> Task instructions:
Extract each line of the material that follows exactly and omit its pictures.

> Material provided:
"""

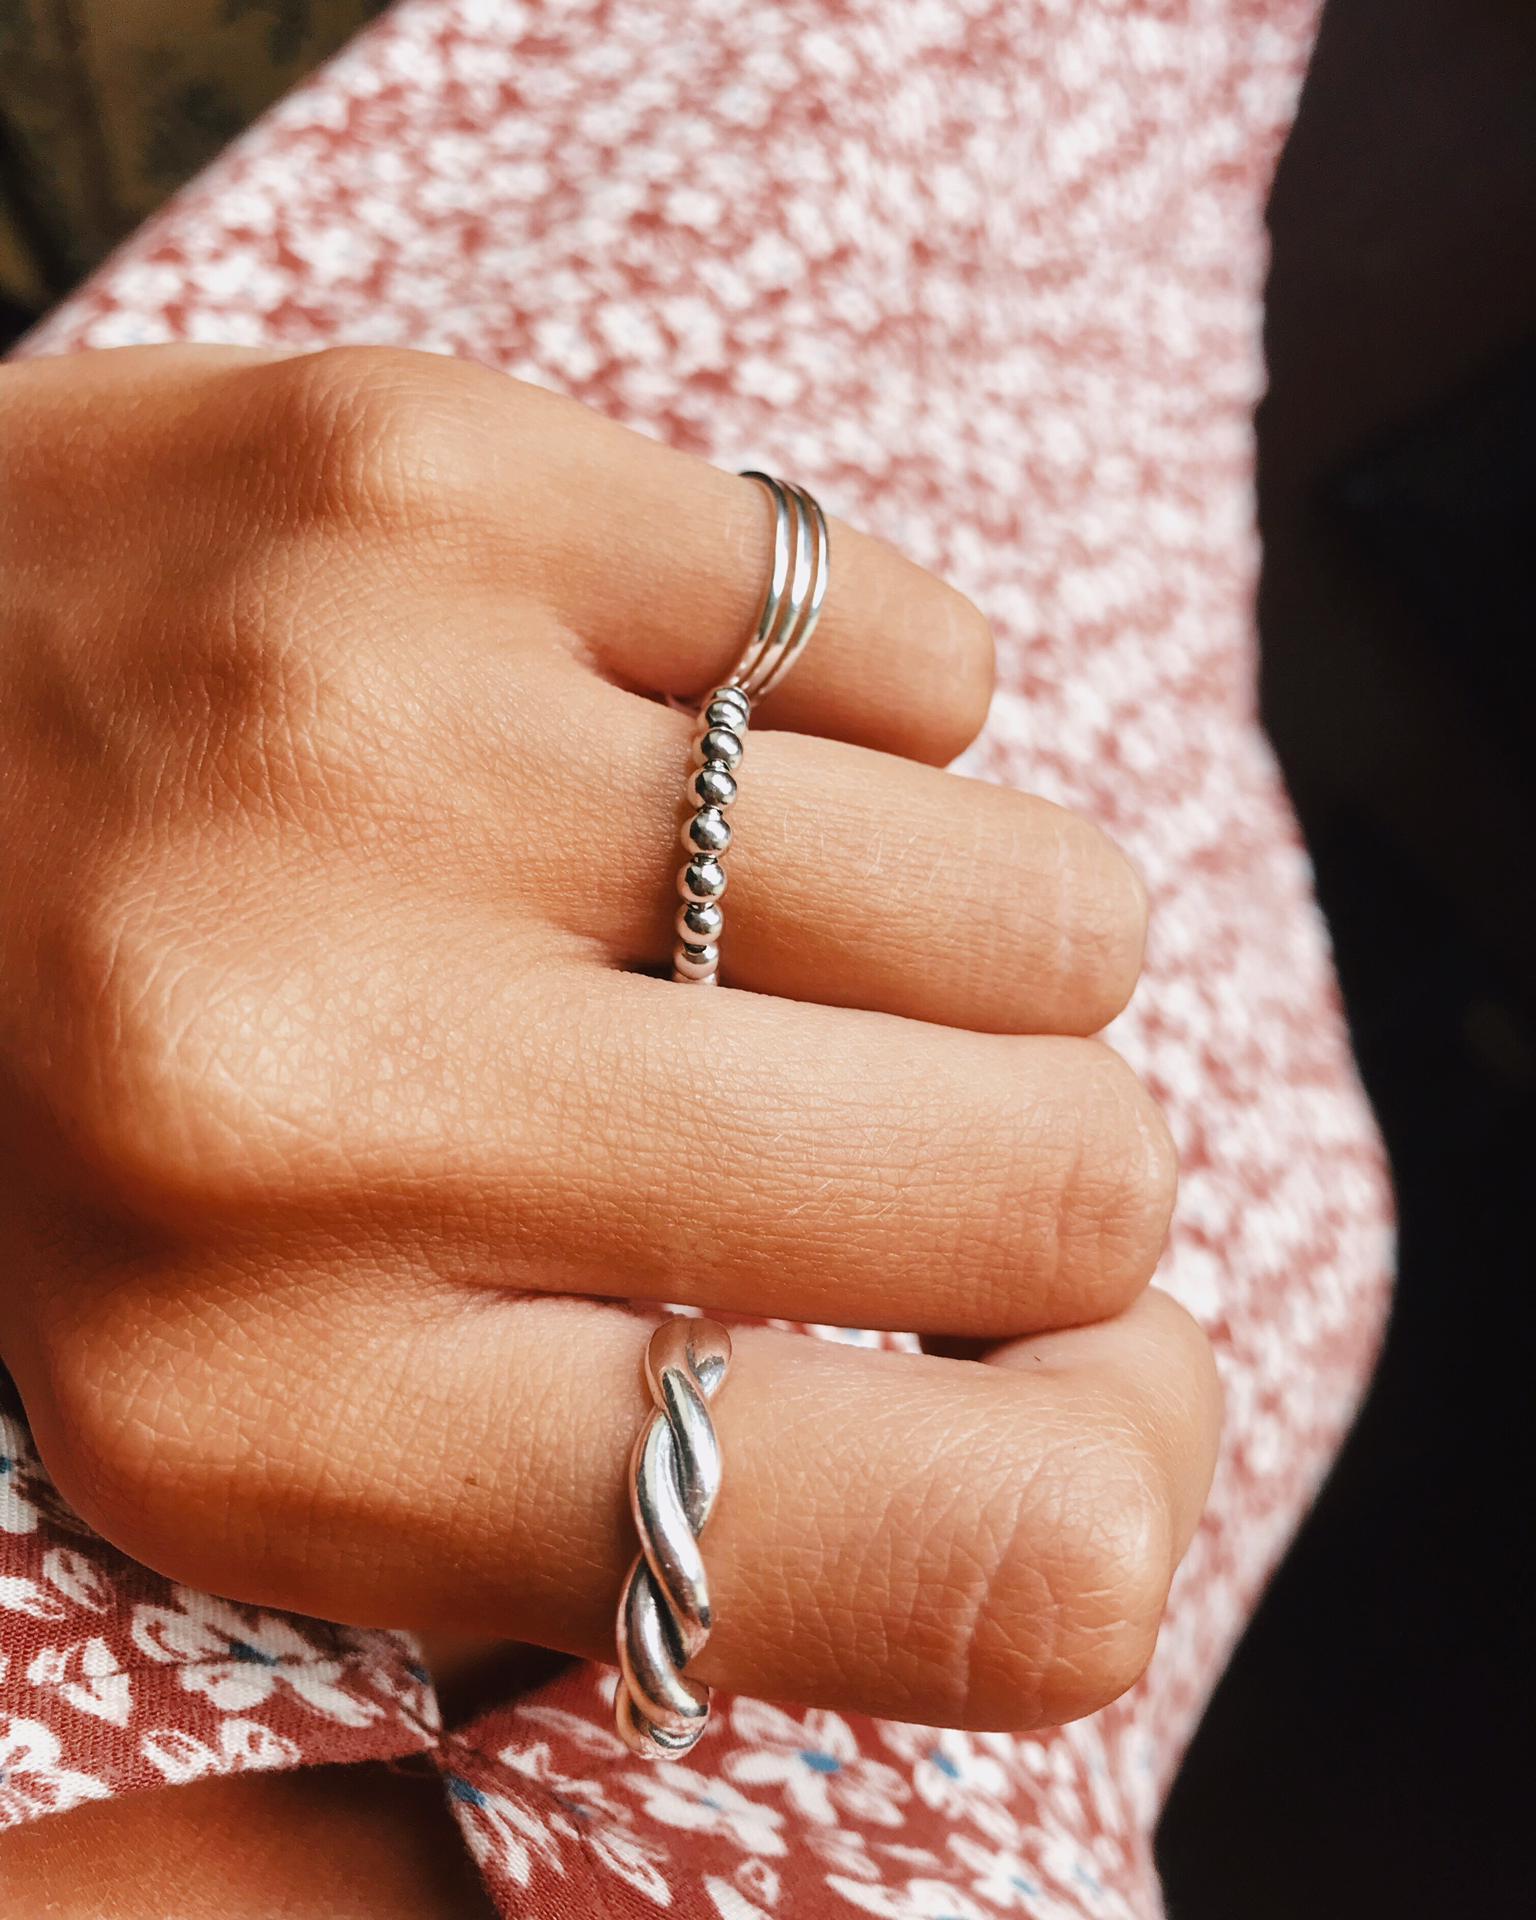 Anéis em prata - Roberta
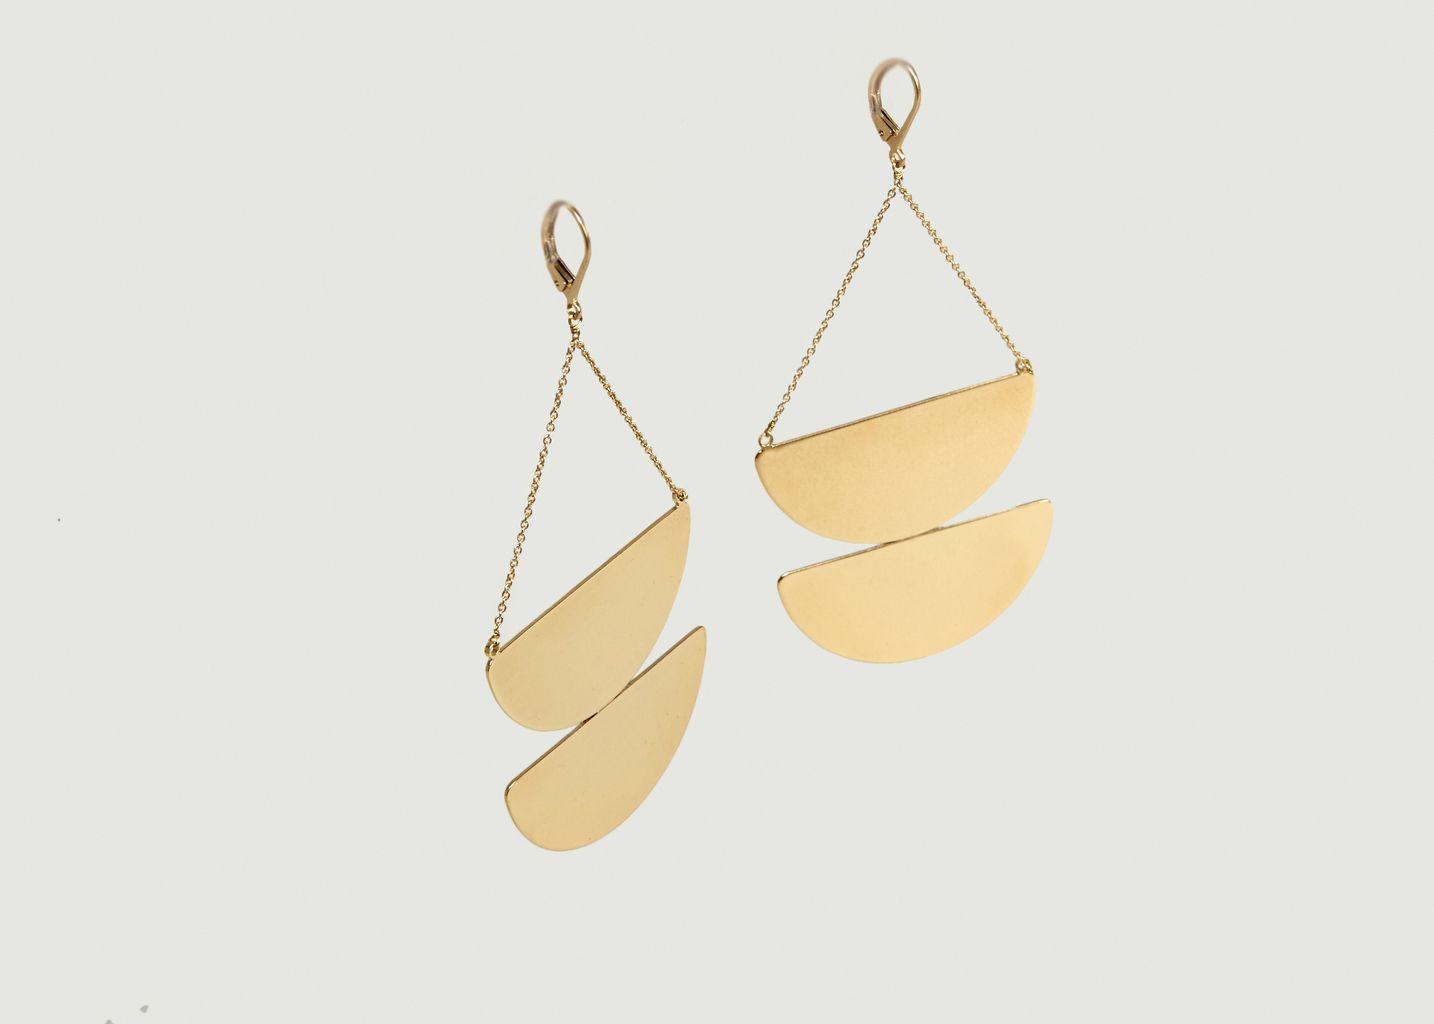 Geometric Earrings - Polder
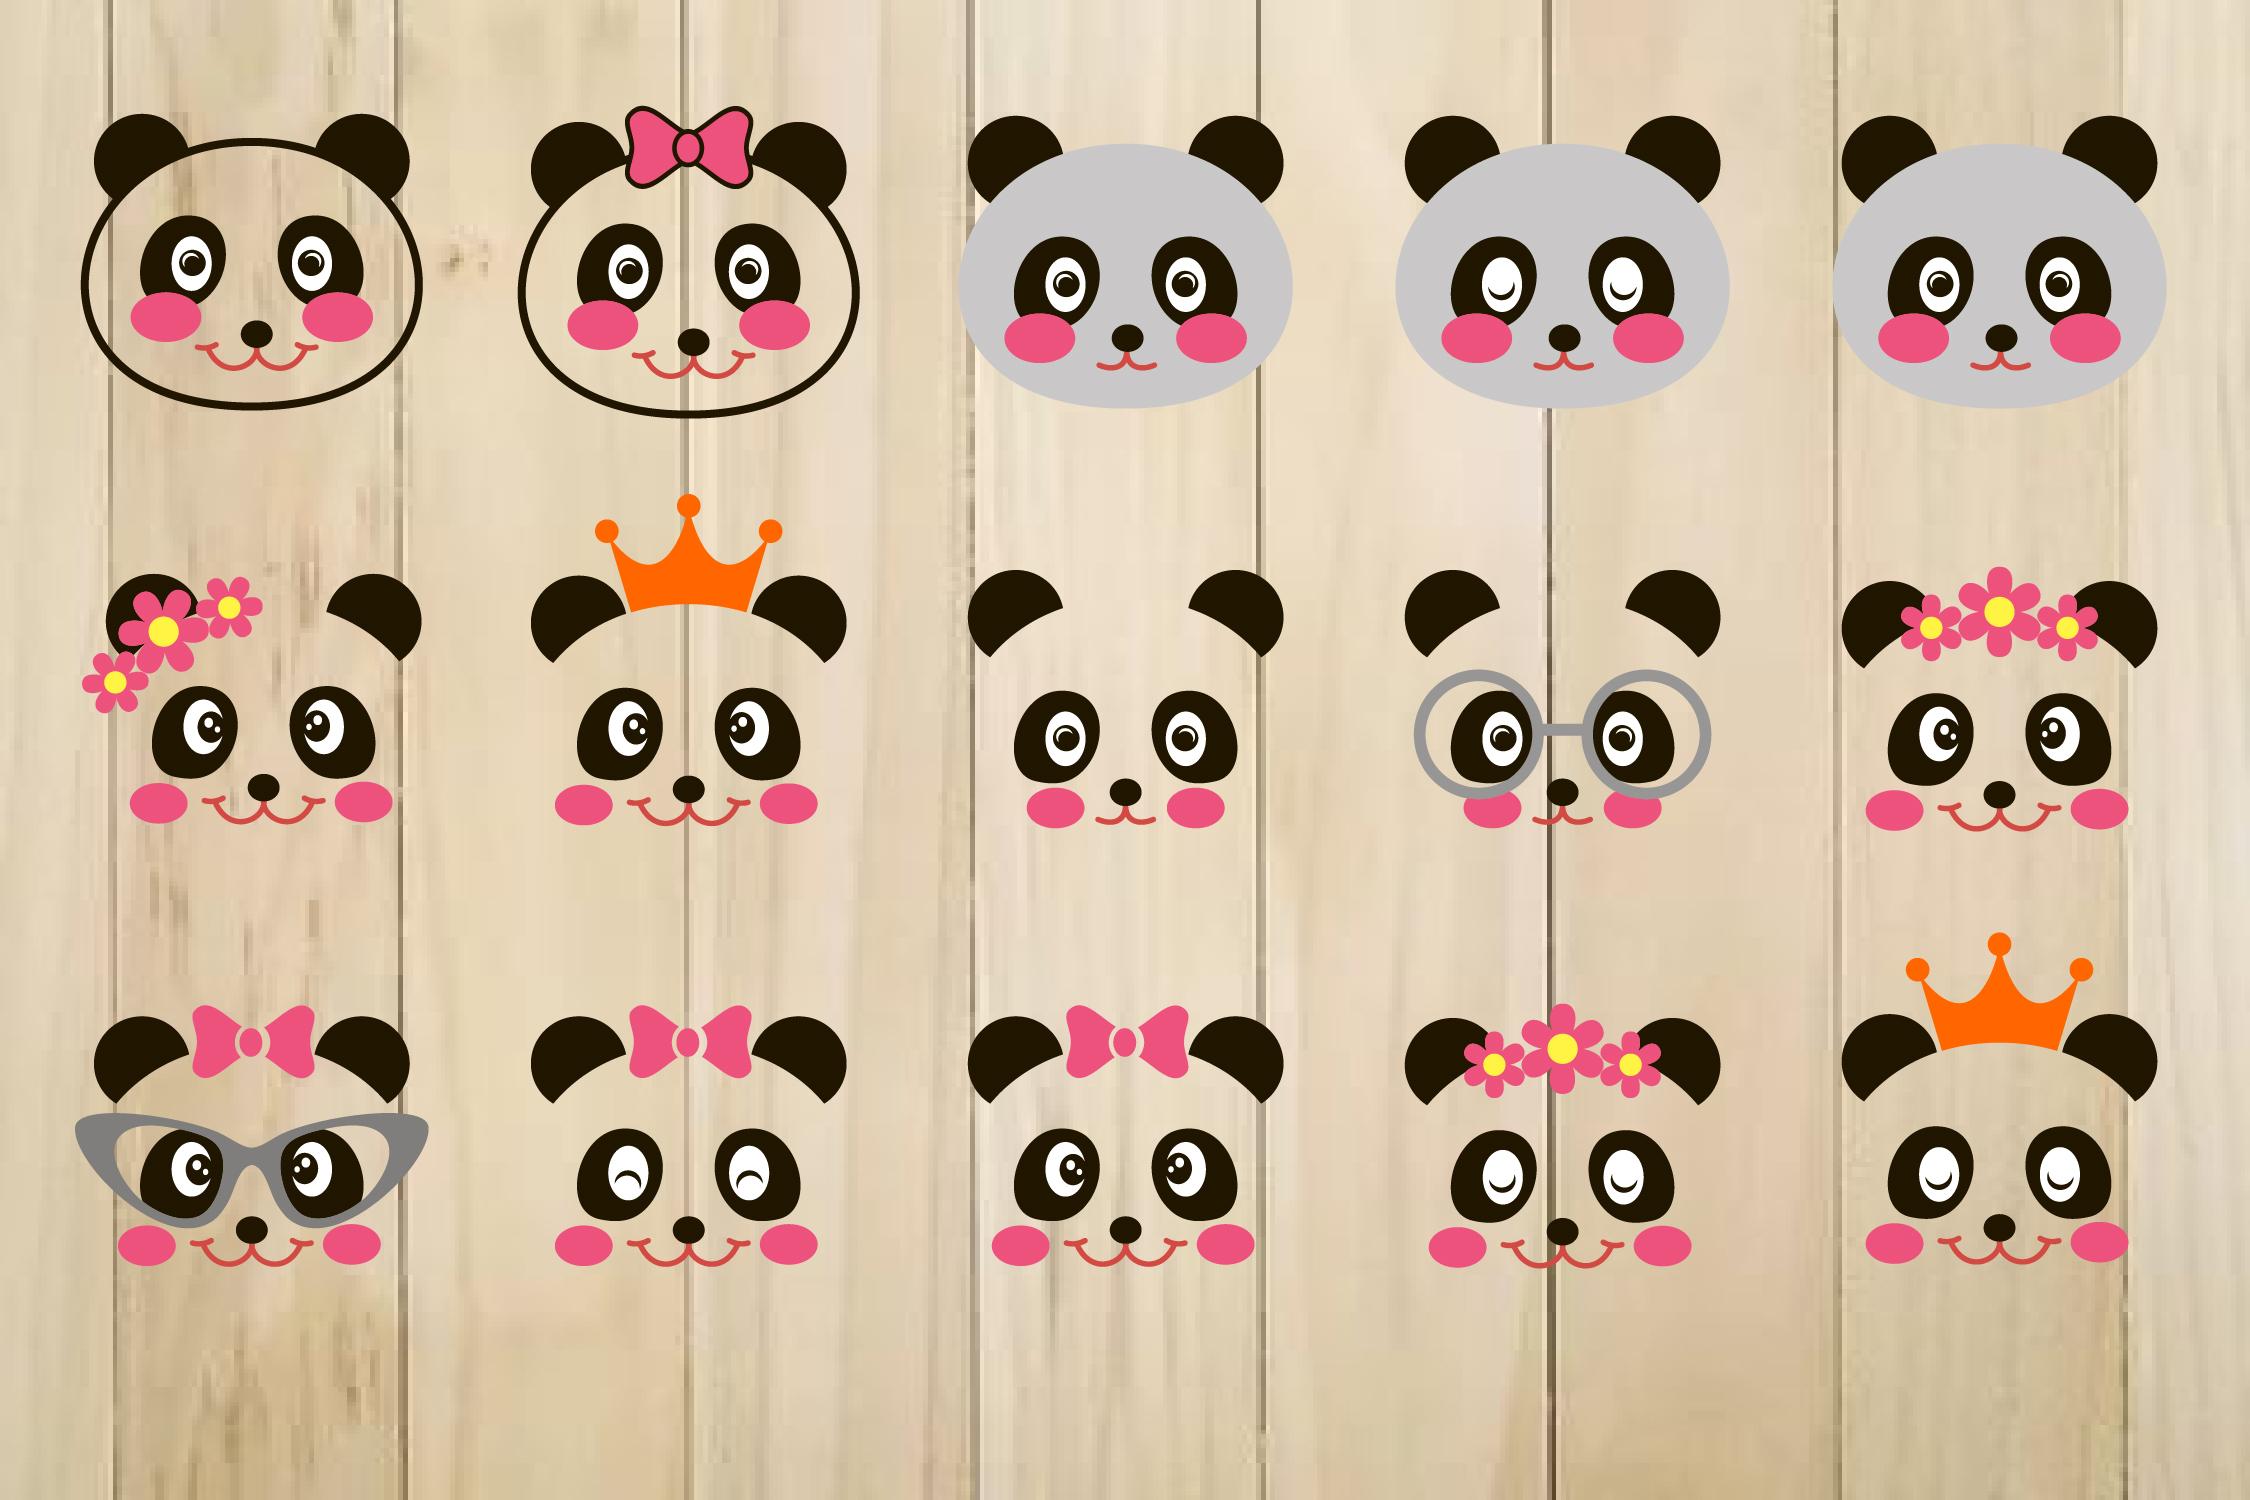 Panda SVG, Panda Face Svg, Panda Clip Art, Panda Head Svg example image 1

"""

> Result:
 Anéis em prata - Roberta
 Geometric Earrings - Polder
 Panda SVG, Panda Face Svg, Panda Clip Art, Panda Head Svg example image 1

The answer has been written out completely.